Abstract
Primary central nervous system lymphoma (PCNSL) is a rare brain tumor potentially curable by chemotherapy alone or a combination of chemotherapy and radiation therapy. At staging, gadolinium-enhanced magnetic resonance imaging (MRI) is the standard method to evaluate CNS lesions and computed tomography (CT) is perform at diagnosis to detect the presence of a systemic disease. The initial tumor response to therapy is usually assessed by MRI. At present, there are no established imaging markers of prognosis in patients with PCNSL. Positron emission tomography (PET) using 18F-Fluorodeoxyglucose (FDG) is routinely used for the initial staging and the evaluation of treatment response in systemic Diffuse Large B-cell Lymphoma (DLBCL). In PCNSL, the clinical relevance of positron emission tomography FDG PET/CT is not well known. The aim of our study was to determine the added value of FDG PET/CT in the management of PCNSL performed at diagnosis and during initial treatment to assess whether it could predict the outcome of PCNSL patients.

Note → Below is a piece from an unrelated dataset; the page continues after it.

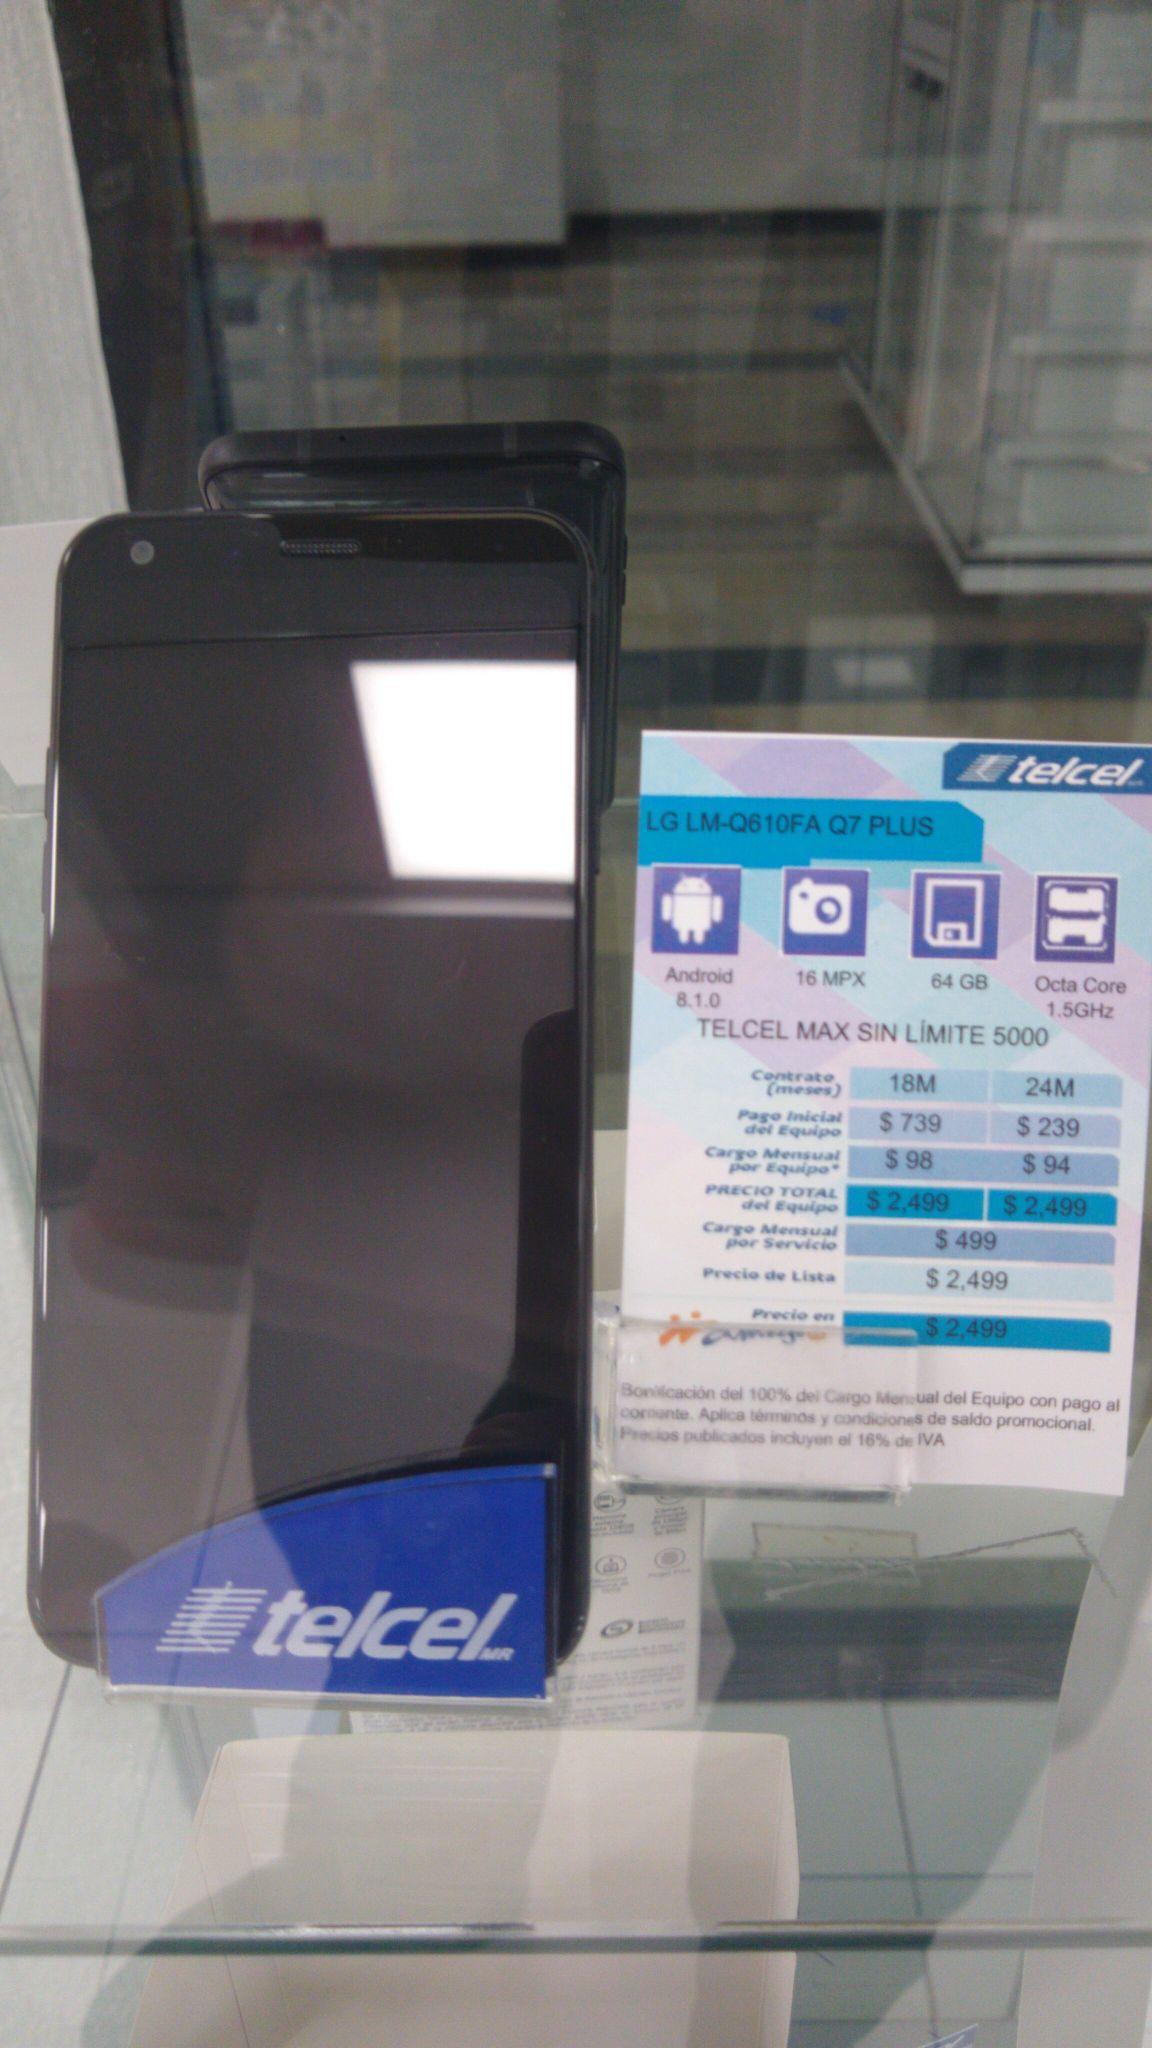 Telcel: LG Q7 Plus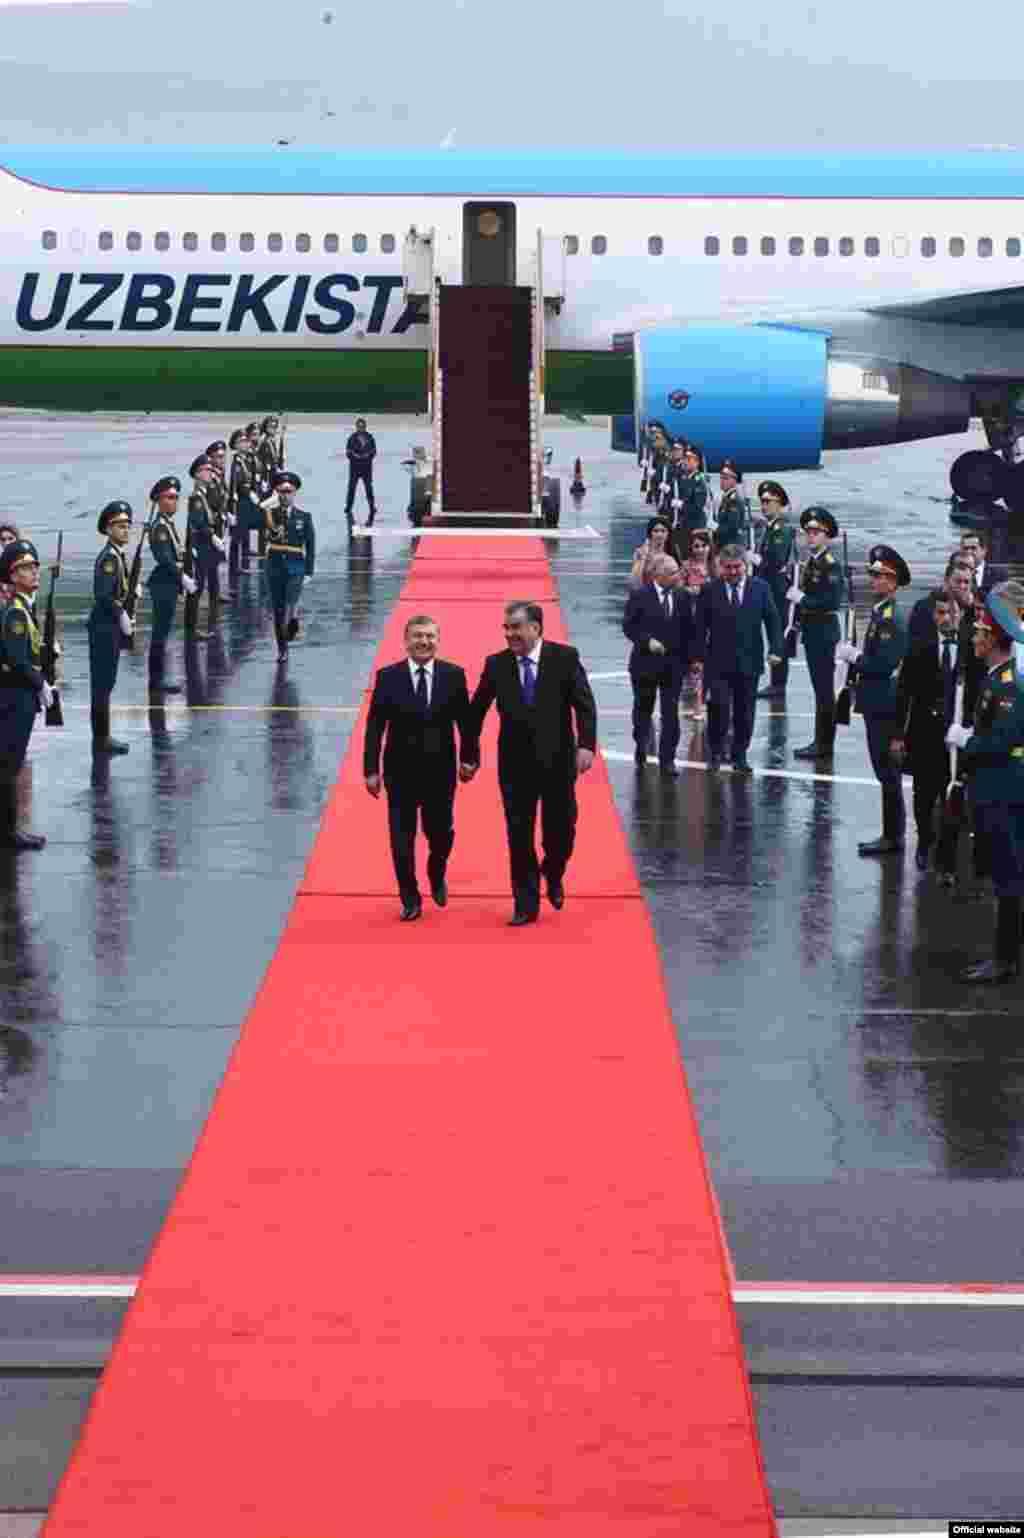 В международном аэропорту города Душанбе узбекского президента встретили президент Таджикистана Эмомали Рахмон и другие официальные лица, передает Таджикская служба РСЕ/РС.

Patients and methods: From august 2008 to may 2011, we enrolled 24 consecutive PCNSL immunocompetent patients with histological proven DLBCL who underwent FDG PET/CT before specific treatment. The mean age of patients was 63.7 years (range, 51.7–78.8). Follow-up FDG PET/CT examinations were performed in 14 of them (58%) after 2 cycles of chemotherapy and in patients who relapsed. All PET images were acquired 1 hour after FDG injection and interpreted qualitatively and semi quantitatively by 2 nuclear medicine physician. The maximum standard uptake value (maxSUV) corrected to body weight and injected FDG activity was measured for each patient into the most hypermetabolic CNS lesion (TmaxSUV). The results were compared to the clinical and conventional imaging data. The correlation between TmaxSUV and respectively the Progression Free Survival (PFS) and Overall Survival (OS) was statistically analysed. We also evaluated for 15 patients, the correlation between the Ki67 index on tumors and TmaxSUV.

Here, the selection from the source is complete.